China now accounts for almost half of the world’s flat glass and
cement production, more than a third of steel output and 28 per cent
of aluminium. Heavy industry consumes 54 per cent of China’s energy,
up from 39 per cent five years ago.
A structural bias towards heavy industry, which dominated in the
centrally planned Maoist-era economy, means energy intensity has
worsened even though Chinese steel plants have become more efficient.

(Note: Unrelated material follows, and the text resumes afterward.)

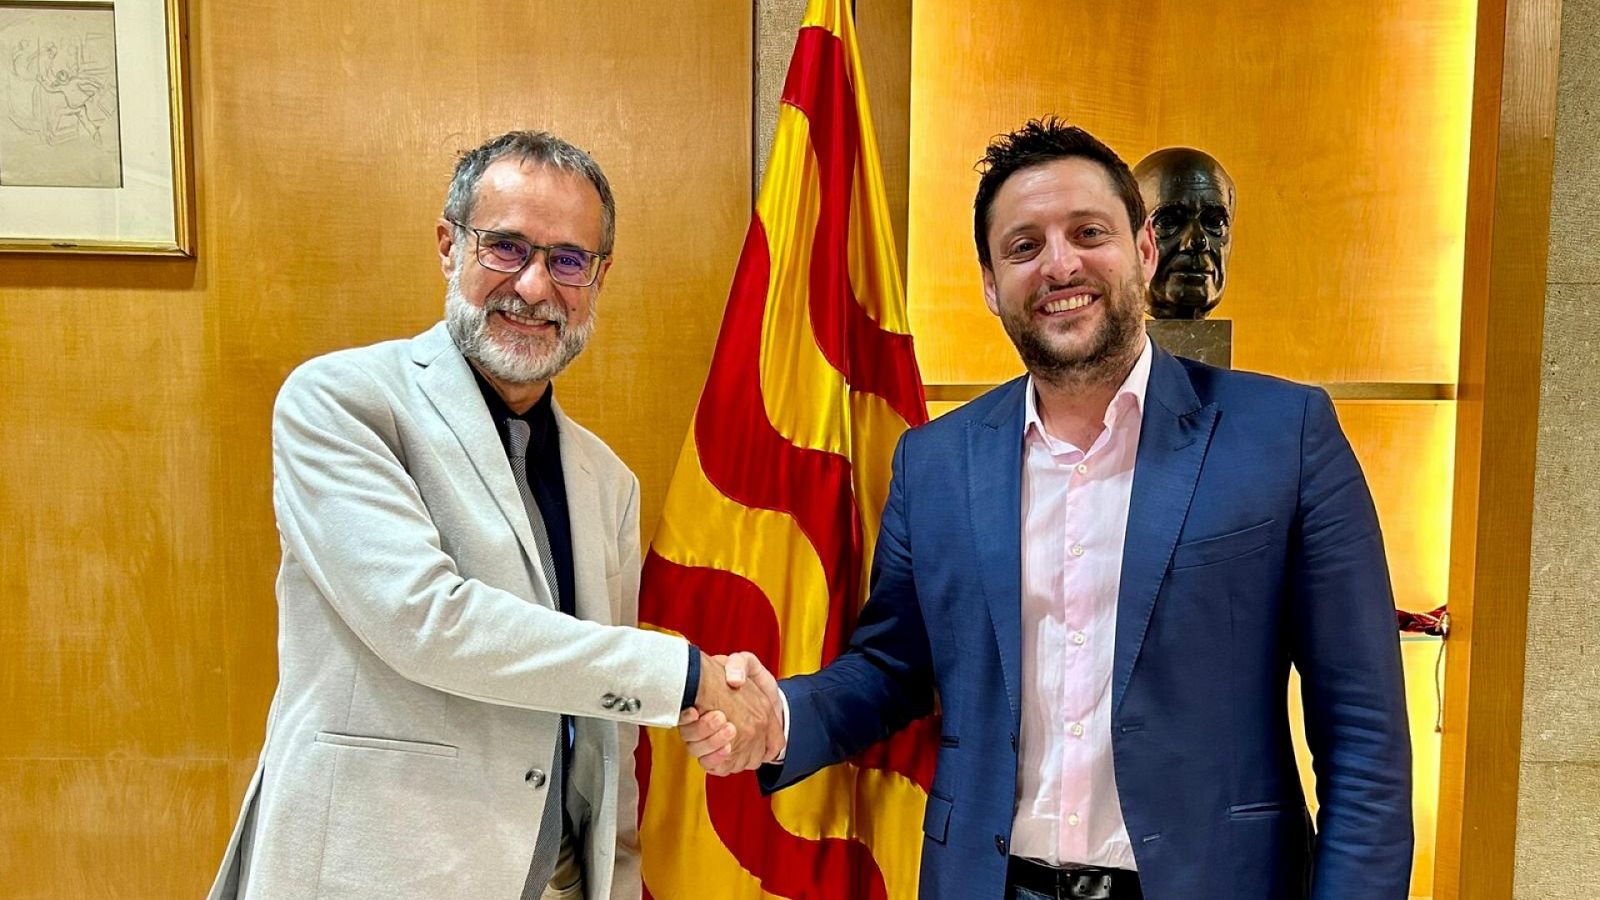 Esteve Crepo i Rubén Viñuales s'estrenyen la mà, confirmant l'acord

“A new steel plant, no matter how much more efficient than its peers,
uses substantially more energy than a garment factory,” the study
says.
The study blames the growth of heavy industry on cut-throat internal
competition. “The rules of competition are set not just by Beijing but
also by local interests, including state-owned heavy industrial
enterprises,” it says. “And regardless of who sets the rules, the
reality of how they are implemented is almost entirely a local
matter.”
The National Reform and Development Commission, the economic planning
agency also responsible for energy, has tried for years to curb
industrial expansion.
Although nominally all-powerful and with the right to stop projects
over a certain size on a range of grounds, the commission has been
largely helpless to stop the flood of new investment.
The commission’s power is not reflected in the size or skill of its
staff or in the research base and industry expertise from which it
operates. Its energy bureau has 100 staff and the State Energy Office
under the cabinet 30-40, in contrast to 110,000 at the US Department
of Energy.
Individual state companies are better equipped than the ministries.
The State Grid, which is responsible for power transmission, has more
research staff than the commission’s energy bureau.
Weak regulation also makes it difficult to cut pollution and
greenhouse gas emissions. Fewer than 15 per cent of coal-fired plants,
which generate 80 per cent of China’s electricity, have systems to
remove sulphur dioxide from emissions, and even fewer use them, the
report says. Most new plants have sulphur scrubbers.
The authors say that China will not make unilateral adjustments in the
absence of changes to US policy. “China is an 800lb gorilla on the
world energy stage that cannot be ignored, but there is a 1,600lb
gorilla in this room too: the US,” they said.